Lieve kinderen, jullie hebben vernomen van al Mijn lijden en folteringen, die IK als mens Jezus van Nazareth, hoe men Mij overal noemde, wat IK alles had geduld en geleden, als IK op aarde als Leraar en verlosser der wereld wandelde. Het was geen aangenaam lot voor Mijn menselijke natuur, doch zo was Mijn opdrachtdoor Mijn God de vader voor Mij bepaald en IK moest het volbrengen, omdat al toentertijd Mijn wijsheidsziel ermee enig was, als het oordeel over Adam en Eva en hun nakomelingen werd uitgesproken en geveld.

 

En wat zou er gebeurd zijn, lieve kinderen, als IK Mij niet als Redder der mensheid had verwaardigd. Jullie hebben geen besef, ieder mens, die geboren werd, had tenslotte een gewelddadige dood aan het kruis moeten sterven. Wat geloven jullie wel, hoeveel mensen hadden daar het geluk bereikt net hun God de Vader weer verzoend te worden.

Denk alleen daarover eens rijkelijk na, wanneer ieder apart gekruisigd was geworden, hoevelen zouden zich hebben laten kruisigen en zonder deze boete was geen ziel schuldloos geworden, wanneer ze ook anders niet slecht waren geweest, omdat altijd nog de smet in de erfzonde was achtergebleven. En wie van jullie kan zich herinneren aan de erfzonde deelgenomen te hebben.

Jullie allen zegt: wij weten niets daarvan en IK geef het jullie toe, omdat jullie de erfzonde alleen als medegeest in de geest van Adam en Eva begaan hebt en jullie deze schuld eerst zult inzien, als jullie in je ziel wedergeboren bent en met jullie geest één bent geworden.

Dat betekent, wanneer jullie menselijke geest, die door jullie aardse verwekker of vader afkomstig is en van de moedergeest en uiteindelijk die zielenpartikelen uit welke de menselijke ziel over het algemeen wordt genomen, tot duidelijk inzicht komen.

Lieve kinderen, noch voordat jullie een zodanige duidelijke geest zou worden, was jullie korte levenstijd om en jullie zouden vervallen in de kruisdood.

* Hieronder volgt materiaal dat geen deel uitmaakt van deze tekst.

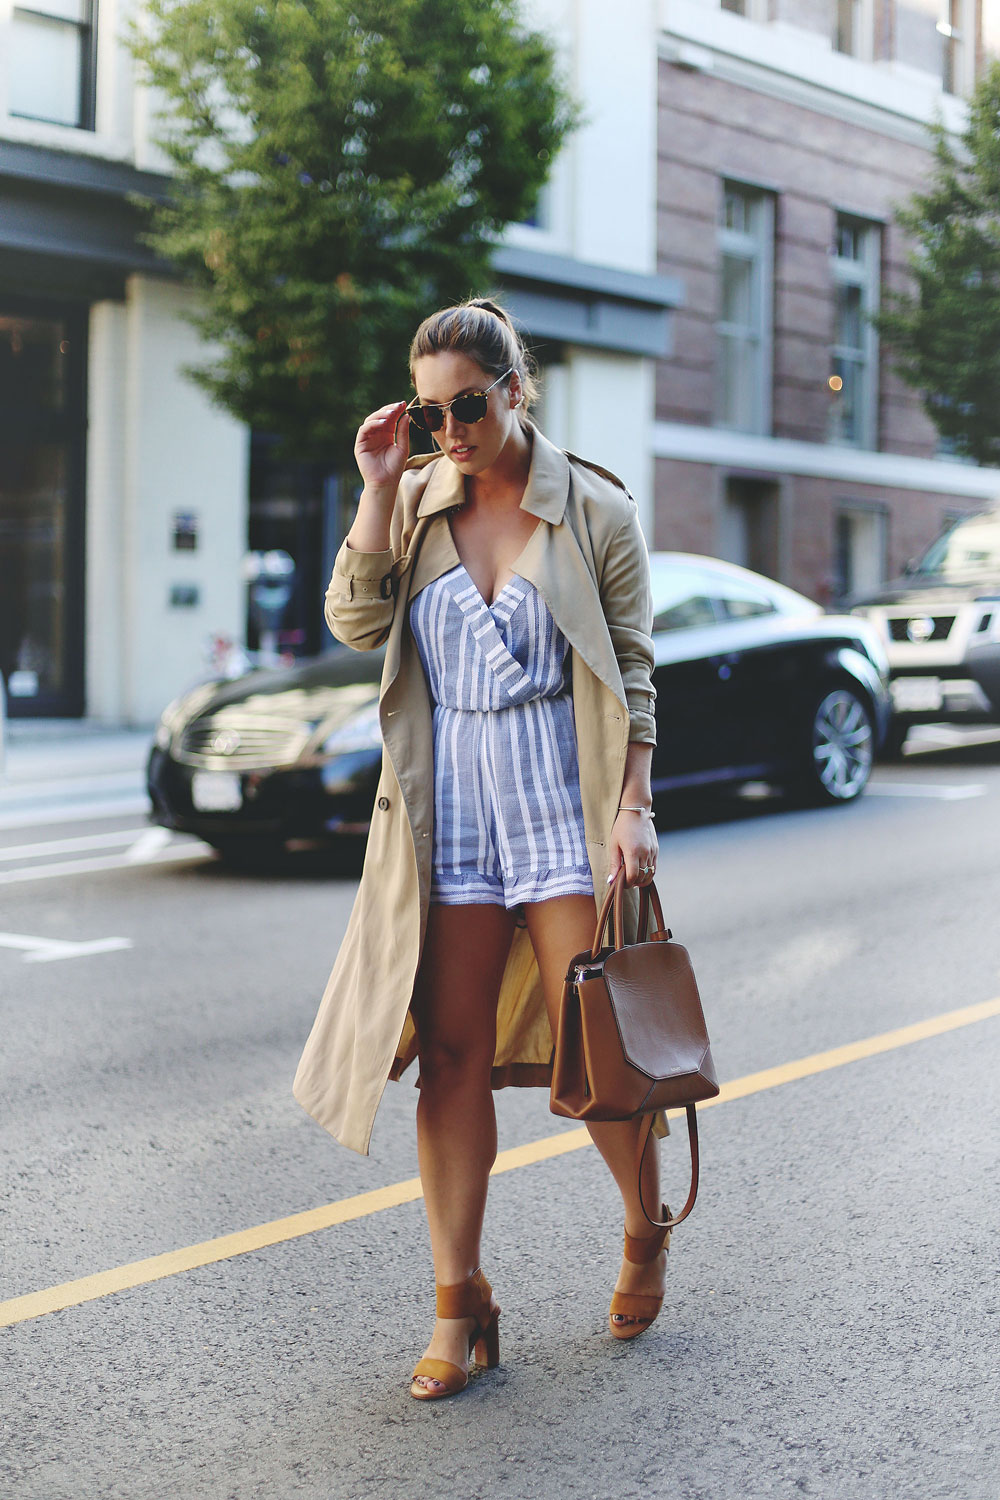 To Vogue or Bust shares fall transition style tips in a REVOLVE TULAROSA romper, Aritzia Wilfred trench coat, Aritzia Auxiliary Bega bag, Joie heels, Leah Alexandra jewelry and Ted Baker sunglasses
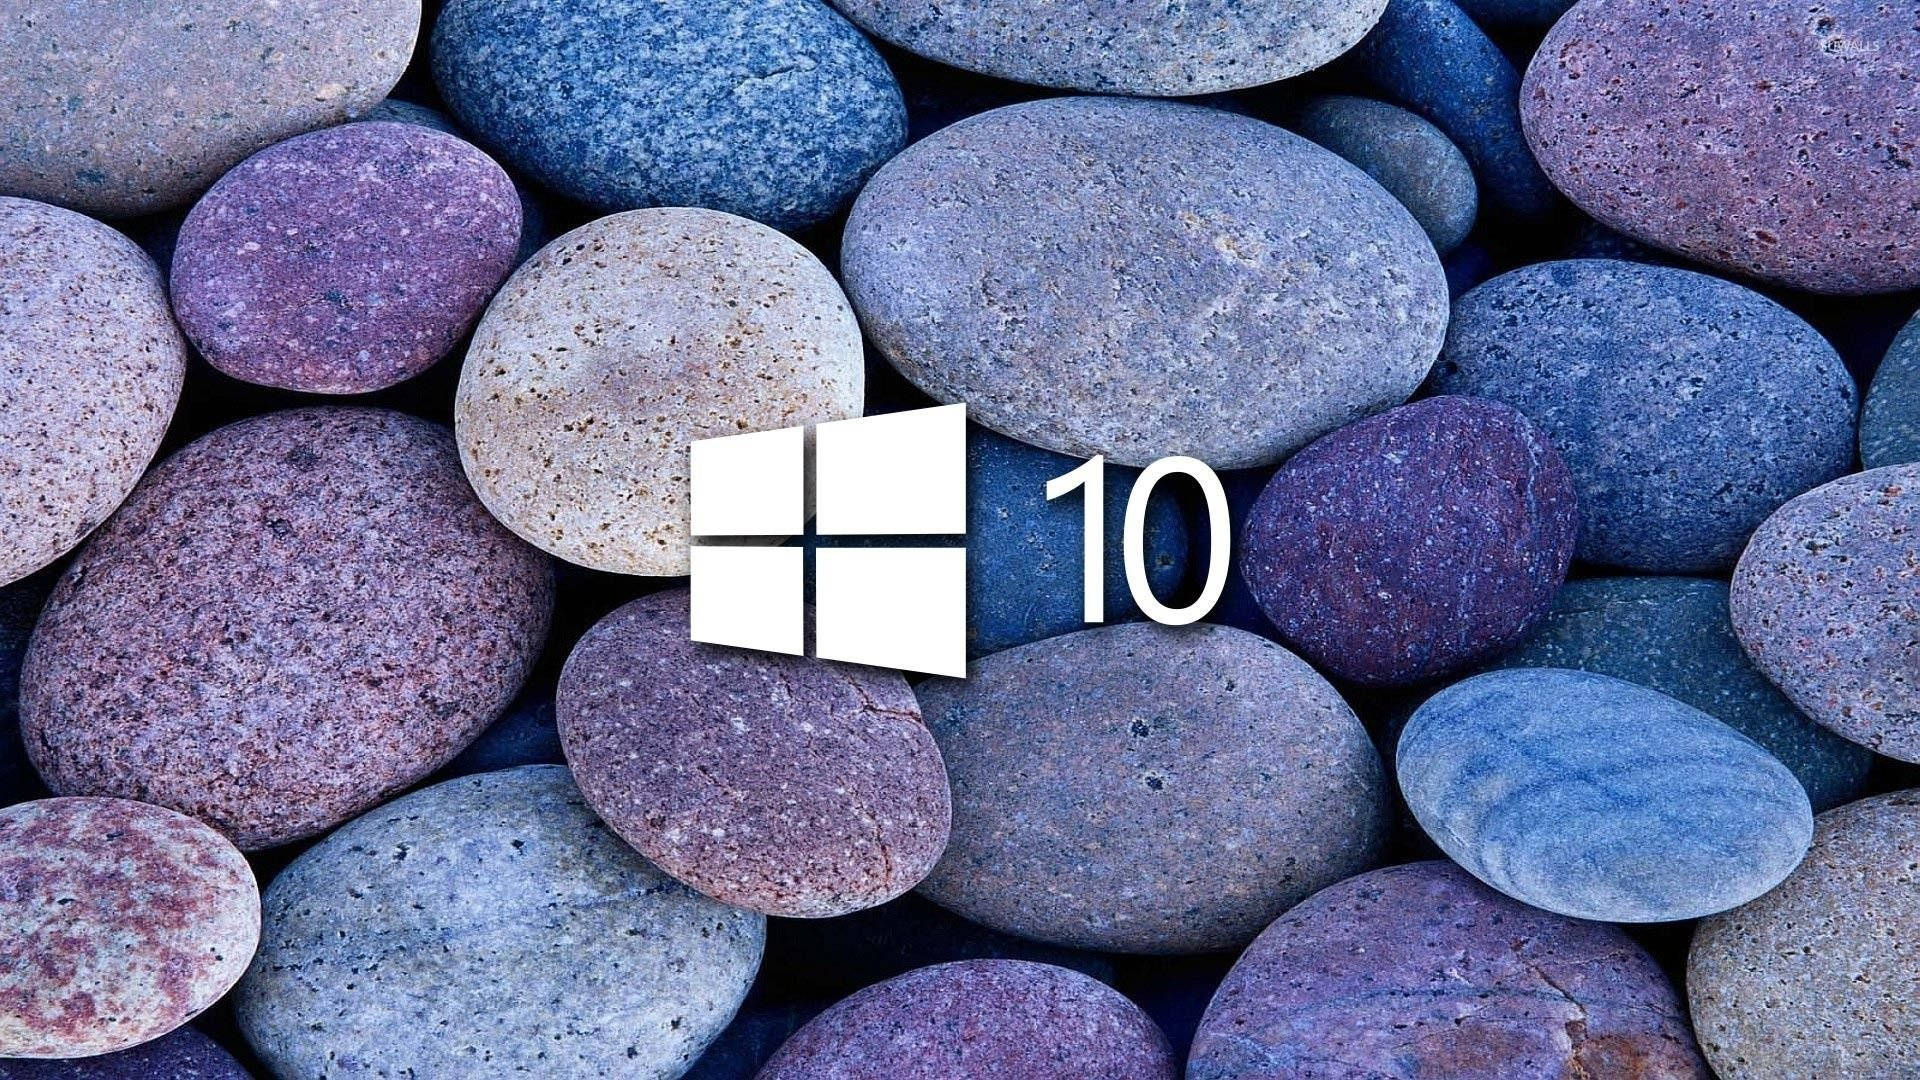 Windows 10 Hd Pictures Wallpaper

Hoe zou het jullie daar te moede worden. Er zou slechts zeer weinigen zich geven die deze verzoening zouden nastreven.

Een reden zou een snellere doodsmanier naar zijn goeddunken de voorkeur geven. Wat was het eindslot van het totale. Pure zelfmoordenaars zouden in het geestelijke Rijk aankomen, dubbel zwaar beladen en geen reïncarnatie zou de zielen beter maken.

Daarom lieve kinderen, denk daarover veel na, wat IK als Jezus van Nazareth voor jullie en alle mensen heb gedaan en geschapen.

Misschien zal jullie dan meer liefde voor Mij ervaren en kunnen opbrengen. Dit hier tot afsluiting over Mijn lijden en sterven, over Mijn verlossingswerk, dat binnenkort met Mijn terugkomst op deze aarde zijn afsluiting moet vinden. Amen.  (Eigen levensbeschrijving van Jezus) – vertaald vanuit het Duits.